CD271 positive selection using QuadroMACS for functional characterisation

Mononuclear cells (MNCs) isolated from BM aspirates, FHs and RIA waste fluid using Lymphoprep reagent (Axis-Shield, Oslo, Norway) were labelled with clinical grade anti-CD271 microbeads (Miltenyi Biotec GmbH, Germany), according to the manufacturer’s instructions. These consist of murine anti-CD271 monoclonal antibodies (clone information confidential) conjugated to superparamagnetic iron dextran particles. Once labelled, cells were separated into positive and negative fractions using the QuadroMACS system (Miltenyi Biotec). Cells from the positive fraction were seeded into a T25 flask (Corning, NY, USA) and cultured in GMP compliant MSC expansion medium MSCGM Bulletkit (Lonza, Berkshire, UK). Three days later, culture medium was replaced and subsequently changed twice weekly. Once the cells (now denoted CD271-MSC) reached 80% confluence, the adherent cells were harvested with 0.25% trypsin/1mM ethylenediaminetetraacetic acid (EDTA) solution (Sigma-Aldrich, Dorset, UK) and passaged at the seeding density of 4x103/cm2 for further expansion. Control plastic adherent MSCs (PA-MSC) were initiated according to standard protocols [36] and passaged using the same seeding density as CD271-MSCs. At each passage cell population doubling (PD) time was calculated.

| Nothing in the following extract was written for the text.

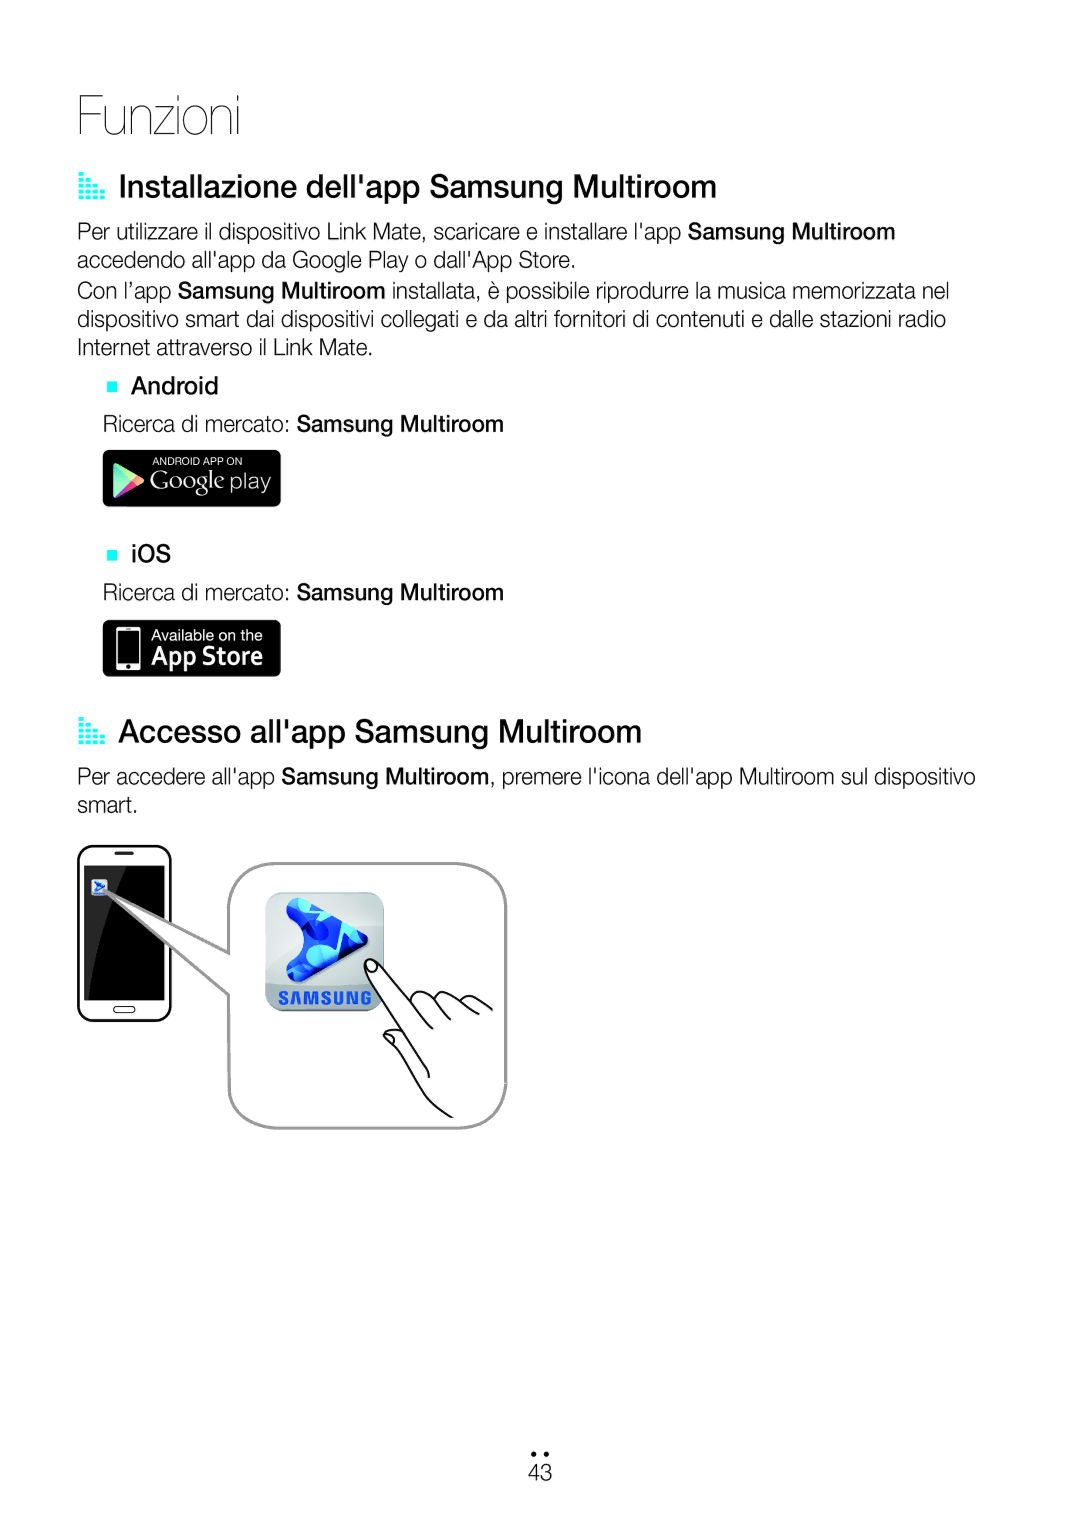 Samsung WAM270/ZF manual AA Installazione dellapp Samsung Multiroom, AA Accesso allapp Samsung Multiroom, `` Android

To investigate MSC chondrogenic, osteogenic and adipogenic potentials, cells were centrifuged in chondrogenic pellets (2x105cells/pellet) or seeded into 6-well plates (osteogenic and adipogenic seeding density of 2x104/well and 2x105/well, respectively). Cells were cultured in either StemMACS ChondroDiff Media, StemMACS OsteoDiff Media or StemMACS AdipoDiff Media (all Miltenyi Biotec) with twice-weekly media changes. After 21 days of differentiation, chondrogenic pellets were fixed in 10% formalin, embedded in paraffin and 5μm sections were stained with 0.1% Alcian Blue to detect proteoglycan deposition. Osteogenic cultures were first stained with alkaline phosphatase substrate solution followed by a 1-hour treatment with 3% silver nitrate to detect mineralization. Adipogenic cultures were fixed in 60% isopropanol before being stained with Oil Red O solution. Images were captured using a Zeiss Axio Imager II (Carl Zeiss) and processed using NIS Elements Imaging Software version 4.0 (Nikon).

Cell phenotyping

Phenotypic analysis of cells from BM, FH and RIA was carried out using flow cytometry. Samples were incubated with antibodies or isotype controls in FACS buffer (PBS pH7.4, 1% bovine serum albumin) according to the manufacturer’s instructions. In each case 4,6-diamidino-2-phenylindole (DAPI, Sigma-Aldrich) or aqua dead cell stain (Life technologies, Paisley, UK) was added prior to acquisition to exclude dead cells.

Previously selected, expanded PA-MSCs and CD271-MSCs from each passage were probed for expression of CD73, CD105, CD90, CD34, CD45, CD19, CD14 and HLA-DR (Table 1) [37]; this data was acquired using a BD FACSCanto II flow cytometer (BD). All data was analysed using FlowJo v7.6.5 software (Treestar, Oregon, USA).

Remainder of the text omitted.